Und all diese wundervollen Dinge, von denen unsere Schulweisheit sich heute noch nichts träumen lässt, können wir entdecken. Das funktioniert aber nur durch Beobachtung der Realität, durch darauf gestützte und durch Experimente erhärtete Theorien. Es funktioniert nicht, wenn man sich einfach Zeug ausdenkt und es dann unabhängig von der Realität einfach immer weiter glaubt. Genau das tun aber die Leute meistens, die diesen Spruch mit diesem Lächeln aufsagen.

Übrigens, falls noch Besserwisser außer mir selbst zugegen sein sollten: Ja, der stammt ursprünglich natürlich aus Hamlet und nicht von Goethe.


Restebloggen kurz nach dem Wochenende (46)

5. Juli 2010
  1. Falls sich jemand Sorgen gemacht hat: Wir sind gut angekommen. Ein bisschen Sonnenbrand trotz bedeckten Himmels (über den wir uns sehr gefreut haben) und Sonnenschirm, aber sonst geht’s uns gut.

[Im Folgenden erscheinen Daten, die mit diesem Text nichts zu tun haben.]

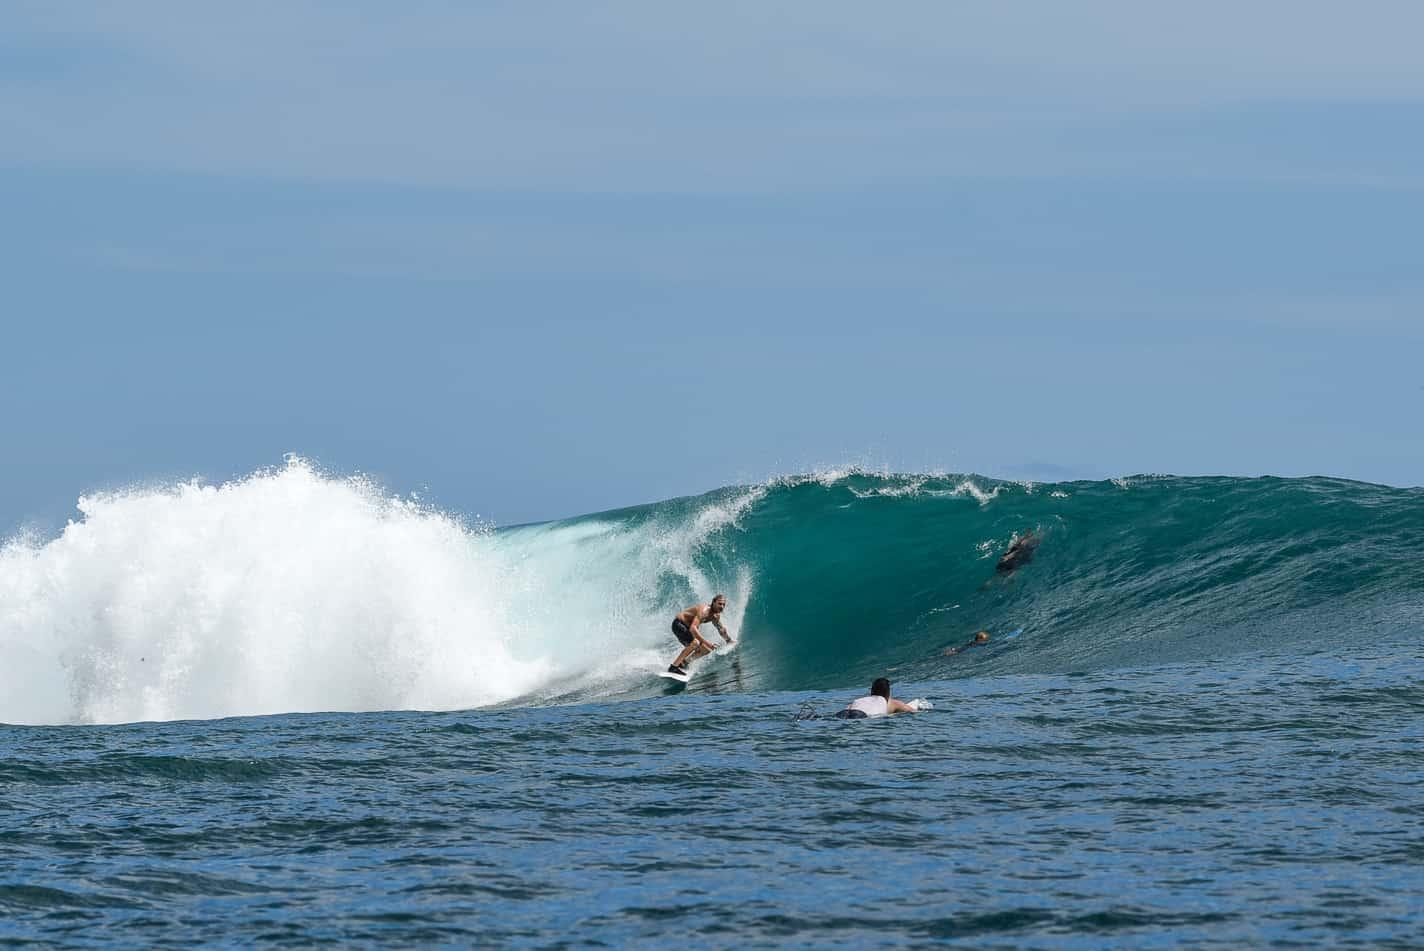 samoa surf wackas

  2. Fragmentjunie macht zurzeit eher unregelmäßig was, aber was er macht, ist lesenswert. Wenn ihr wissen wollt, wie man die Gloriole eines Diktators noch nennen kann, seht doch mal bei ihm nach.

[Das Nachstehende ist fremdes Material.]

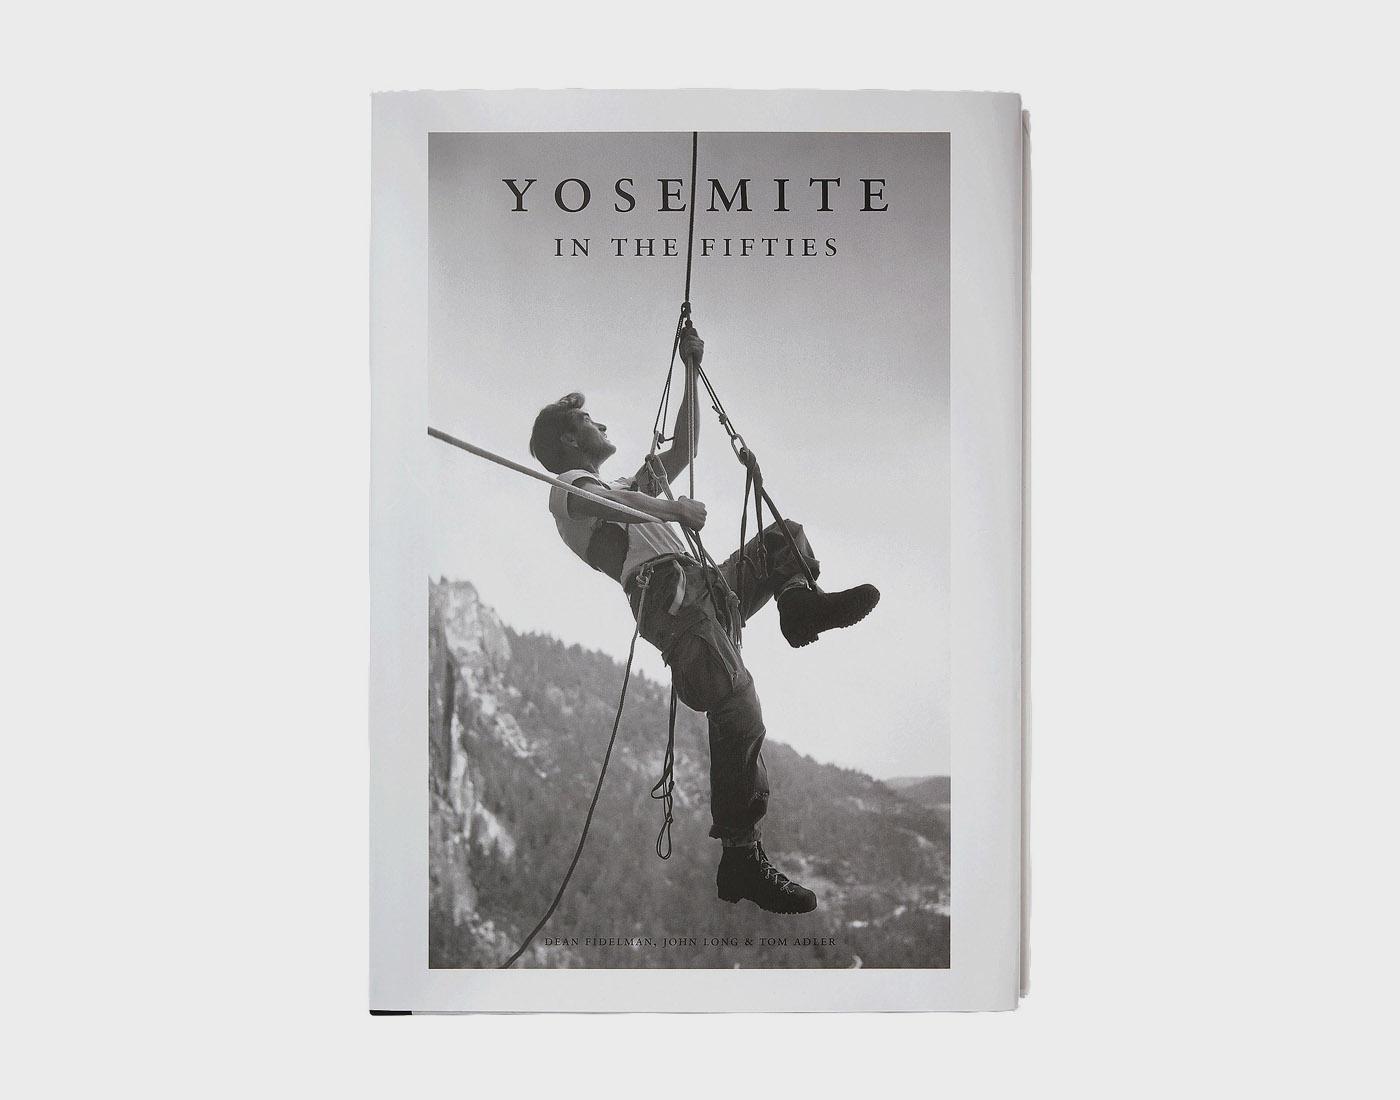 Patagonia Yosemite in the Fifties

  3. Da hat der Wortvogel so eloquent dagegen geschrieben, aber es hat nichts genützt, die Bayern haben sich die Freiheit genommen, nicht mehr rauchen zu dürfen. Ach je. Naja, wenn ich mich über jede dummerhafte Vorschrift in diesem Land aufregen wollte, hätte ich viel zu tun und wenig Freude am Leben.
  4. Nur falls ihr aopkalypsemäßig nicht sowieso schon auf dem Laufenden seid: Bei RaptureReady findet ihr stets aktuelle Informationen über den Stand des Endes der Welt, und der Rapture Index sagt euch auf einen Blick, wie’s gerade aussieht. Stand 05. Mai: 170 (Fasten your seat belts).
  5. Stefan Niggemeier schreibt beim Fernsehblog über die begeisterten Berichte zu einer neuen Jugendschutzsoftware namens Neoguard, die offenbar den Seelenfrieden unserer Kinder wie auch unseren eigenen für wenig Geld und unknackbar für alle Zeiten garantieren soll. Die Idee finde ich schon grundsätzlich unsympathisch, aber noch viel ärgerlicher ist es doch, wenn Leute, die sich für Journalisten ausgeben, dermaßen unkritisch damit umgehen:
    Günther Jauch moderiert es an als eine „bemerkenswerte Entwicklung zum Schutz von Kindern und Jugendlichen und zum Aufatmen der besorgten Eltern“. Der Filmemacher Peter Schran hat den Programmierer Stefan Stein über längere Zeit begleitet und schwärmt von dessen „Vision“: „die fortschreitende Macht digitaler Monster in den Kinderzimmern bändigen“.